Several other courts have similarly rejected the argument that students' speech must be on a matter of public concern to be protected. E.g., Garcia v. S.U.N.Y. Health Sciences Center, 280 F.3d 98, 106 (2d Cir. 2001); Qvyjt v. Lin, 953 F.Supp. 244, 247-48 (N.D. Ill. 1997).
I now see that the Lowery decision did NOT apply the public-concern limit on speech from public-employee speech jurisprudence, but rather OTHER axioms limiting public-employee speech rights, in order to reject the student-athletes' claims.
Interestingly, the Second Circuit refused to do that even in a case that involved graduate students who actually WERE also EMPLOYEES. Garcia v. S.U.N.Y. Health Sciences Center, 280 F.3d 98, 106 (2d Cir. 2001) (rejecting application of public-concern test to such students).
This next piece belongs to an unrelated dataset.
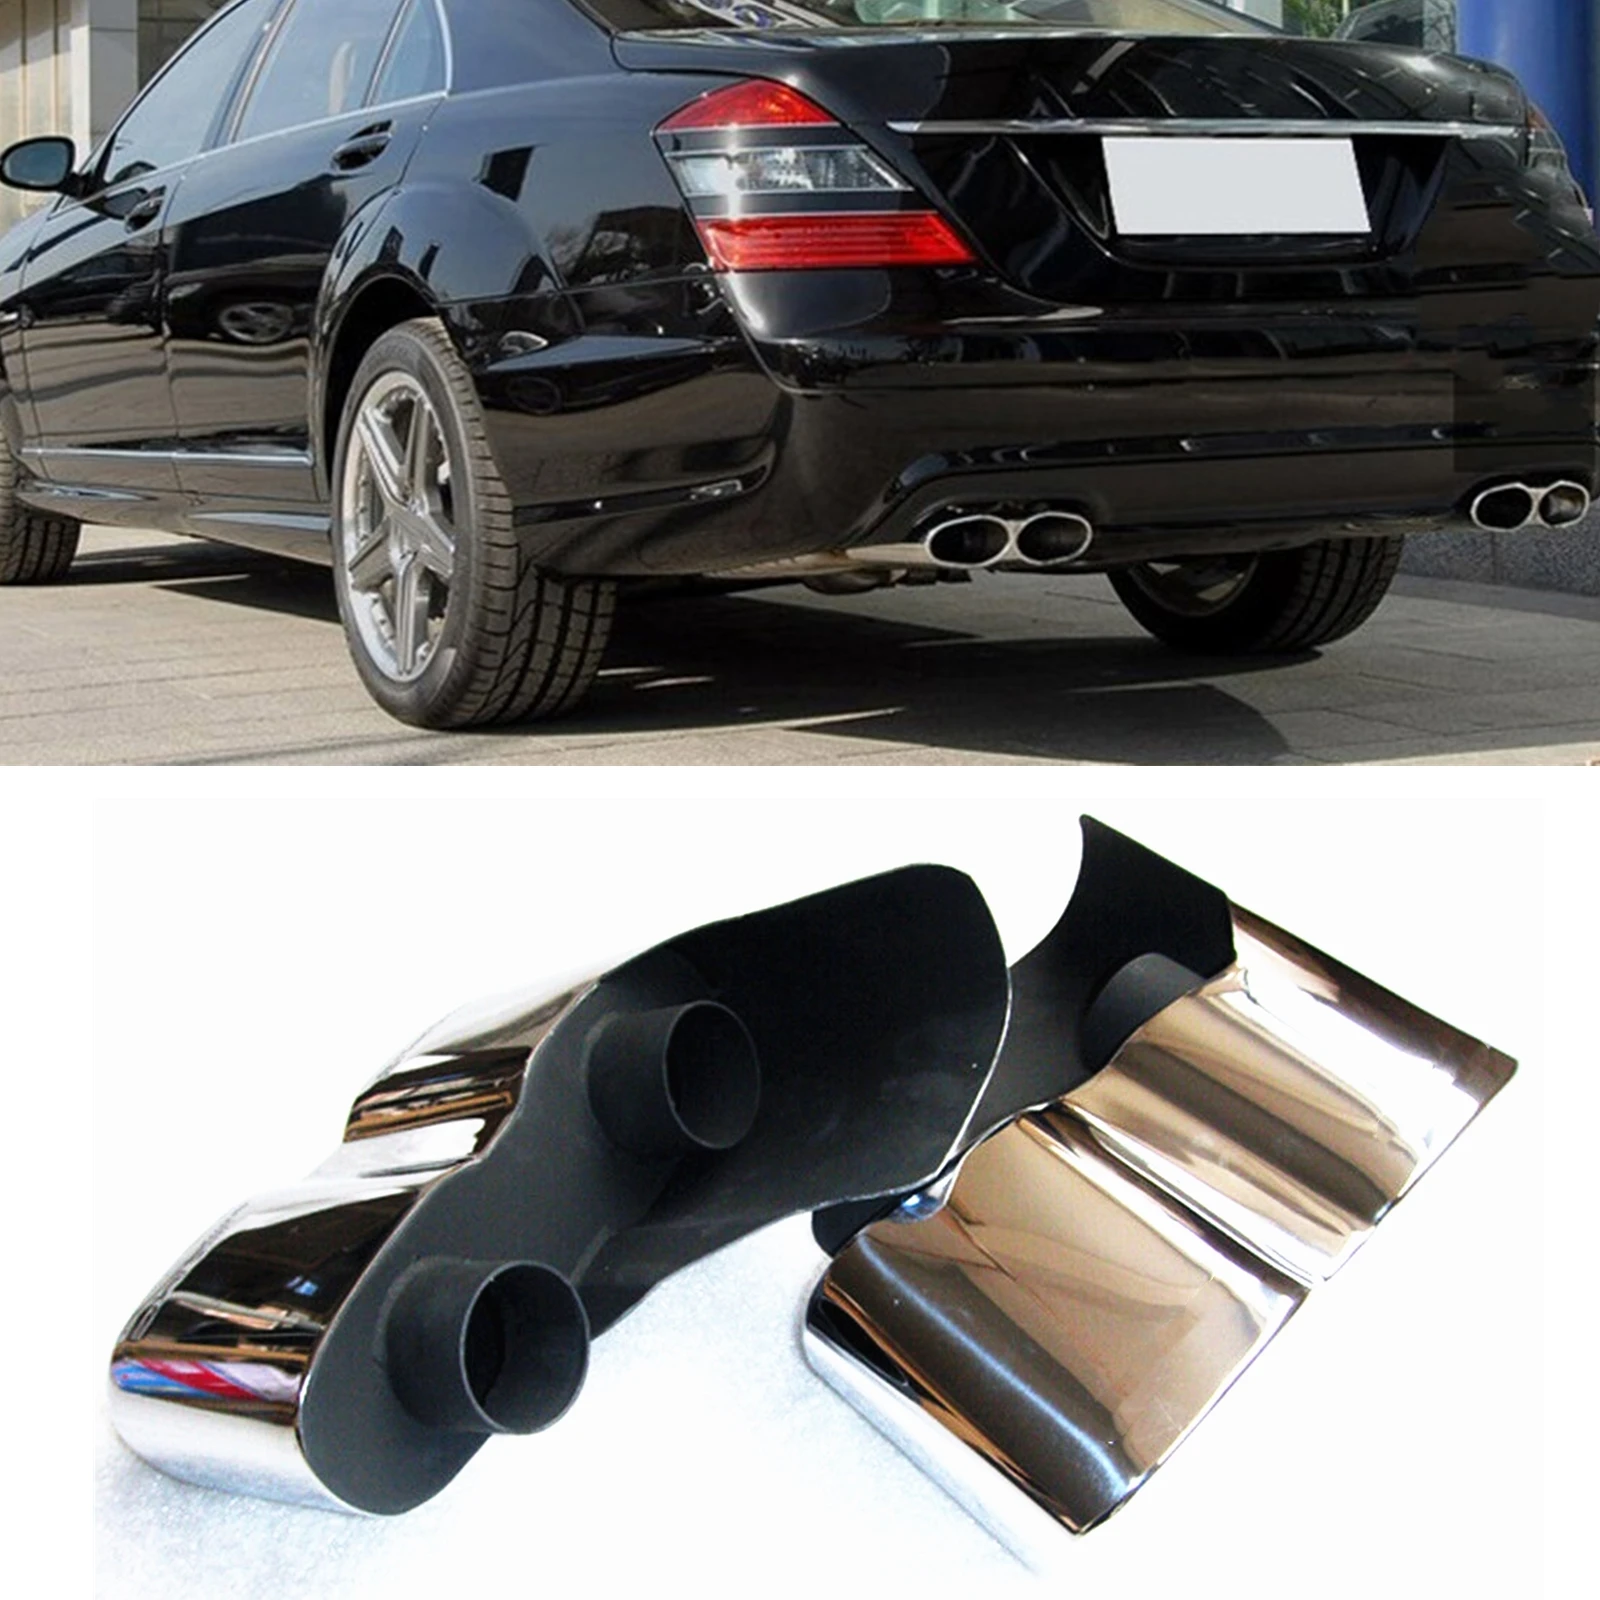 

Exhaust Muffler Tip Pipe Air Outlet Vent Duct Exhause Tailpipe For Mercedes Benz S350 S400 S500 S550 S600 AMG S63 S65 2009-2013

So there seems to be something of a circuit split as a result of the Lowery decision.
It's hard to feel sorry for guys who are undermining the coach, but don't have the guts to quit the team.
Well, it's not like there's a free market of football teams. If you want to play football, you play for the team of the high school where you've been assigned.
... Unless your family can afford to move homes, or place you in a private school.
So I don't see how quitting the team would be more honorable than trying to get the a----le coach
[sorry for the incomplete post]
Is that really your suggested remedy for a coach who throws out your recruiting letters? "Quit the team"?
(Incidentally, it wasn't because of the petition; everyone who signed the petition wasn't cut. It was because they were insubordinate afterwards and wouldn't apologize.)
http://www.utcourts.gov/opinions/supopin/O'Connor073107.pdf
Uh, isn't that what the petition was intended to do? The petition was intended to be delivered to some authority, though we aren't told, as far as I can see, which one.